Practical information - GLOBIO4/GlobioModelPublic GitHub Wiki

Coordinate reference system

For all calculations the WGS84 coordinate reference system is used.

Geographic extent and cellsize

GLOBIO 4 uses different kind of input raster datasets to calculate the final raster results and the raster datasets are combined on cell base. To combine these rasters the raster cells need to be aligned and have the same size and the raster should have the same size, i.e. the same number of rows and columns.

When input rasters are used with different extents or cellsizes GLOBIO resamples and/or resizes the datasets. At this moment resampling is limited. Resampling is only possible when the new cellsize is a multiple of the original cellsize.

Resampling and resizing takes time, so to reduce computation time it is recommended to use as much as possible input data with the same cellsize and geographical extent.

In GLOBIO 4 computations are done with the following default geographic extents:

  Name     Extent (minx, miny, maxx, maxy) in degrees
  -------- ------------------------------------------
  world    -180, -90, 180, 90
  wrld     -180, -90, 180, 90
  europe   -25, 33, 45, 72
  eu       -25, 33, 45, 72
  nl       3, 50, 8, 54

The following cellsizes are defined:

  Name    Cellsize in degrees
  ------- -------------------
  10deg   10
  1deg    1
  30min   0.5
  5min    0.0833333333333
  30sec   0.00833333333333
  10sec   0.00277777777778

These defaults are defined in the GLOBIO configuration file and their name can be a constant in configuration scripts. If needed these default values can be changed by modifying the GLOBIO configuration.

Numbers and decimal points

In configuration files always use a "." as decimal separator for floating point values. Do not use another regional defined decimal separator like ",".

In data files and lookup files both a "." and a "," can be used. They will be converted to the proper internal used separator.

Using lookup files

In previous versions of GLOBIO many relationships between data classes (landuse, biomes, etc.) and corresponding properties (MSA, MSA loss, etc.) or reclassifications (land-use to natural land-use) were hard coded in the source code.
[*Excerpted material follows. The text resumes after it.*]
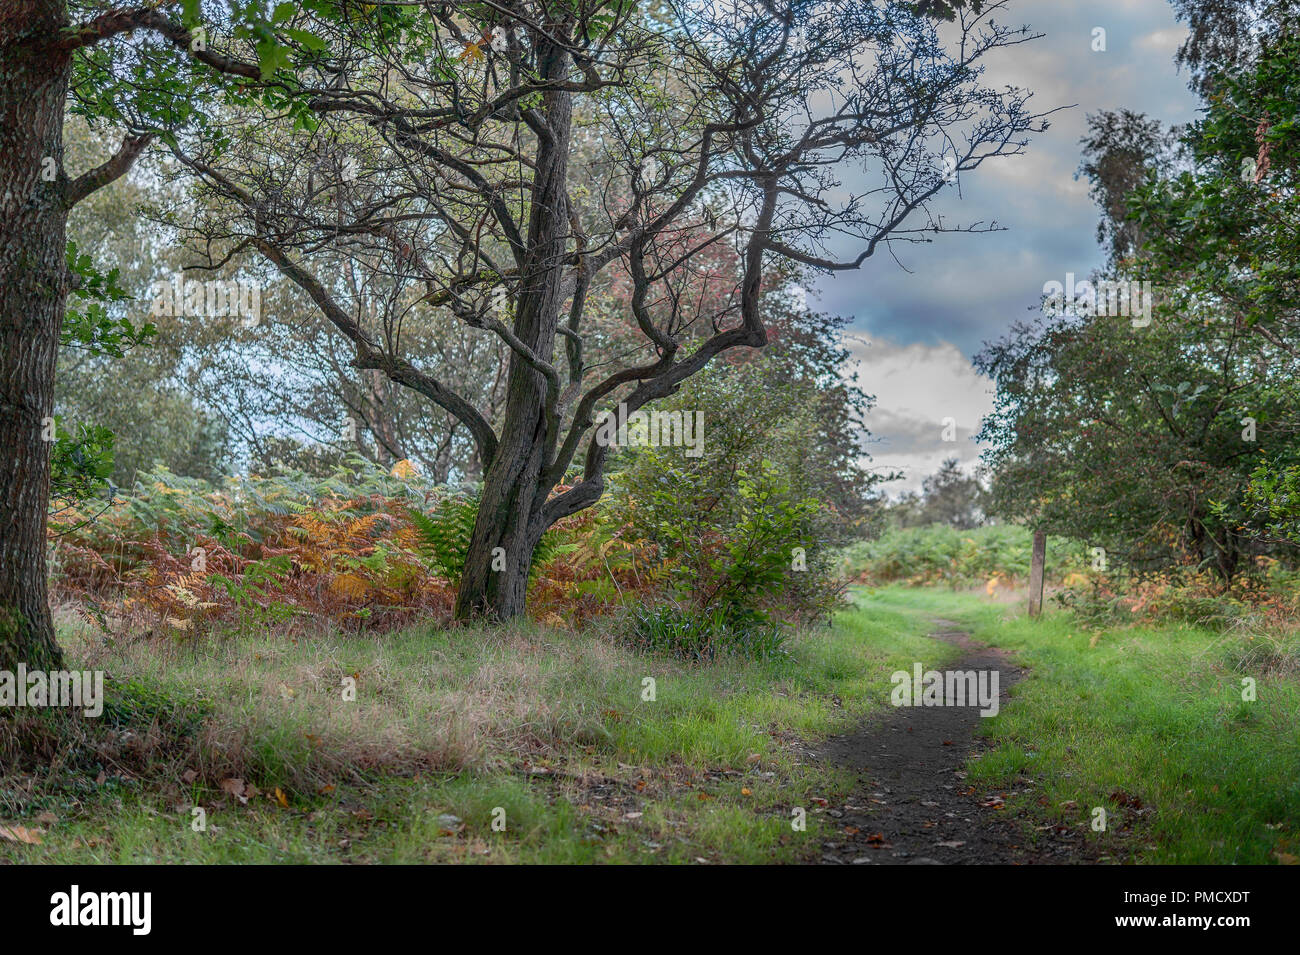 A tree in Calderwood Country Park. Stock Photo

Using different relationships or reclassifications was rather complicated and time consuming.

In GLOBIO 4 all relationships and reclassifications are put in separate look-up files. An example of the lookup file for the relation between biomes and MSA loss is shown below.
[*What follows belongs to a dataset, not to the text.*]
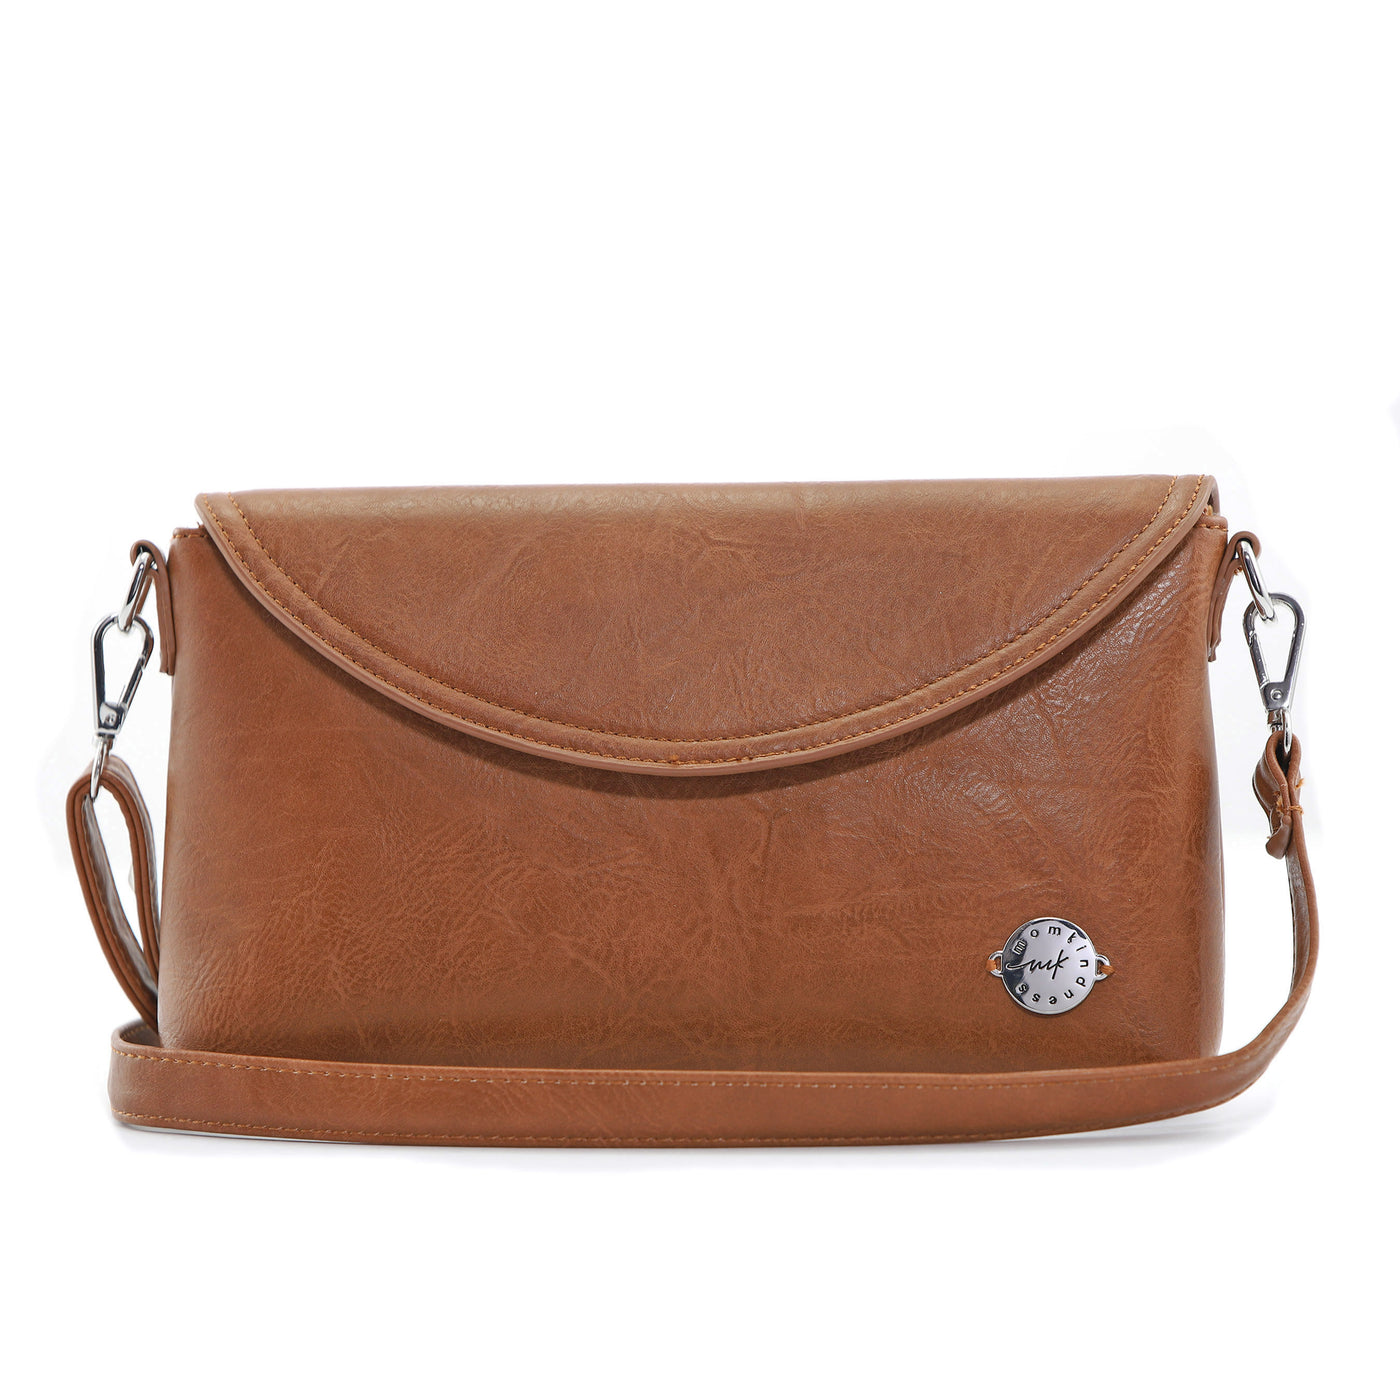 Caramel brown vegan leather clutch with removable crossbody strap on white background.

BIOME;MSALOSS;DESCRIPTION;AGGRBIOME1;AGGRBIOME2
7;0,0356;Ice;5;1
8;0,0426;Tundra;5;1
9;0,0426;Wooded tundra;5;1
10;0,0367;Boreal forest;4;4
11;0,1127;Cool coniferous forest;4;4
12;0,0487;Temperate mixed forest;4;5
13;0,0710;Temperate deciduous forest;4;5
14;0,1457;Warm mixed forest;4;5
15;0,1201;Grassland and steppe;3;2
16;0,1201;Hot desert;5;7
17;0,0661;Scrubland;1;3
18;0,0775;Savanna;1;3
19;0,1075;Tropical woodland;2;6
20;0,1075;Tropical forest;2;6
21;0,0661;Mediterranean shrub;4;3

The lines of a lookup file should always contain at least two fields: the first field is the key value, the second field is the target value. Additional fields may exist, but will be ignored (except when having an n-to-one relationship lookup file, see below). In the processed dataset the key values are looked up and replaced with the target values in the output dataset.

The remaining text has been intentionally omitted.